High Availability Embedded etcd

High Availability Embedded etcd - 图1warning

Embedded etcd (HA) may have performance issues on slower disks such as Raspberry Pis running with SD cards.

Why An Odd Number Of Server Nodes?

HA embedded etcd cluster must be comprised of an odd number of server nodes for etcd to maintain quorum. For a cluster with n servers, quorum is (n/2)+1. For any odd-sized cluster, adding one node will always increase the number of nodes necessary for quorum. Although adding a node to an odd-sized cluster appears better since there are more machines, the fault tolerance is worse since exactly the same number of nodes may fail without losing quorum but there are more nodes that can fail.

An HA K3s cluster with embedded etcd is composed of:

  • Three or more server nodes that will serve the Kubernetes API and run other control plane services, as well as host the embedded etcd datastore.
  • Optional: Zero or more agent nodes that are designated to run your apps and services
  • Optional: A fixed registration address for agent nodes to register with the cluster

High Availability Embedded etcd - 图2note

To rapidly deploy large HA clusters, see Related Projects

To get started, first launch a server node with the cluster-init flag to enable clustering and a token that will be used as a shared secret to join additional servers to the cluster.

  1. curl -sfL https://get.k3s.io | K3S_TOKEN=SECRET sh -s - server \
  2. --cluster-init \
  3. --tls-san=<FIXED_IP> # Optional, needed if using a fixed registration address

After launching the first server, join the second and third servers to the cluster using the shared secret:

  1. curl -sfL https://get.k3s.io | K3S_TOKEN=SECRET sh -s - server \
  2. --server https://<ip or hostname of server1>:6443 \
  3. --tls-san=<FIXED_IP> # Optional, needed if using a fixed registration address

Check to see that the second and third servers are now part of the cluster:

  1. $ kubectl get nodes
  2. NAME STATUS ROLES AGE VERSION
  3. server1 Ready control-plane,etcd,master 28m vX.Y.Z
  4. server2 Ready control-plane,etcd,master 13m vX.Y.Z
  5. server3 Ready control-plane,etcd,master 10m vX.Y.Z

Now you have a highly available control plane.

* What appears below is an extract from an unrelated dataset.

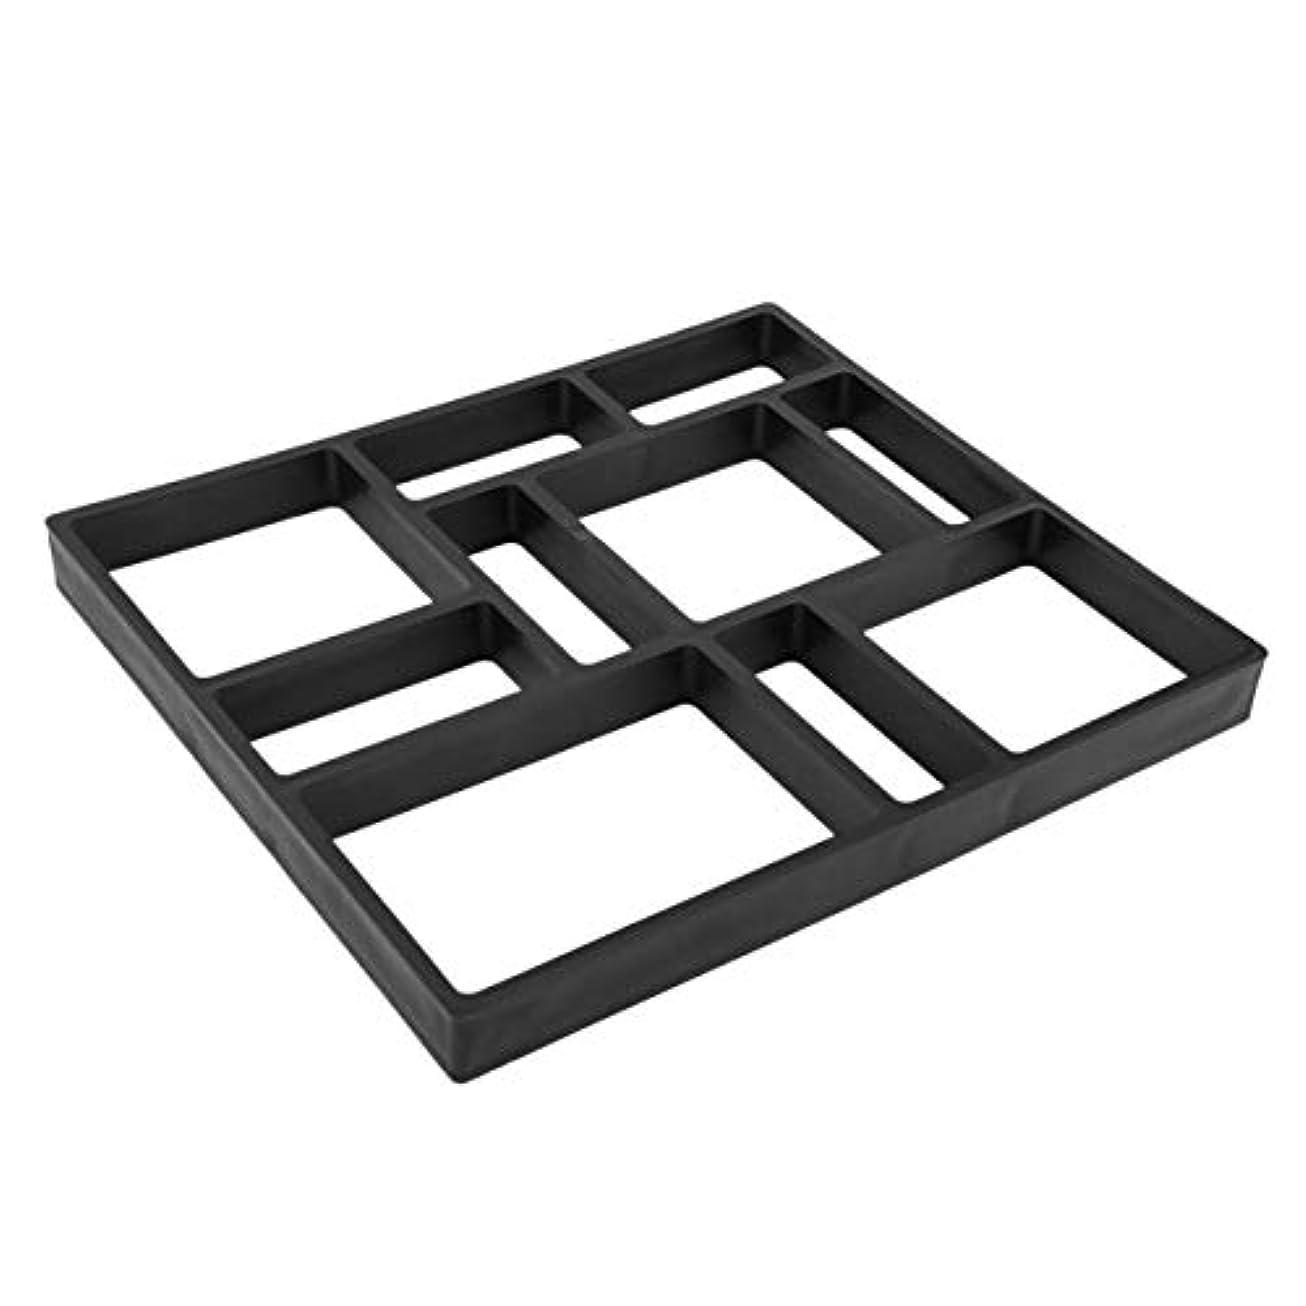 その間で全国Saikogoods DIY不規則な/矩形パターンパーソナライズされた舗装のコンクリートレンガ石屋外装飾庭パスのメーカー芝生 黒

Any successfully clustered servers can be used in the --server argument to join additional server and agent nodes. Joining additional agent nodes to the cluster follows the same procedure as servers:

  1. curl -sfL https://get.k3s.io | K3S_TOKEN=SECRET sh -s - agent --server https://<ip or hostname of server>:6443

There are a few config flags that must be the same in all server nodes:

  • Network related flags: --cluster-dns, --cluster-domain, --cluster-cidr, --service-cidr
  • Flags controlling the deployment of certain components: --disable-helm-controller, --disable-kube-proxy, --disable-network-policy and any component passed to --disable
  • Feature related flags: --secrets-encryption

Existing single-node clusters

High Availability Embedded etcd - 图3Version Gate

Available as of v1.22.2+k3s1

If you have an existing cluster using the default embedded SQLite database, you can convert it to etcd by simply restarting your K3s server with the --cluster-init flag. Once you’ve done that, you’ll be able to add additional instances as described above.

If an etcd datastore is found on disk either because that node has either initialized or joined a cluster already, the datastore arguments (--cluster-init, --server, --datastore-endpoint, etc) are ignored.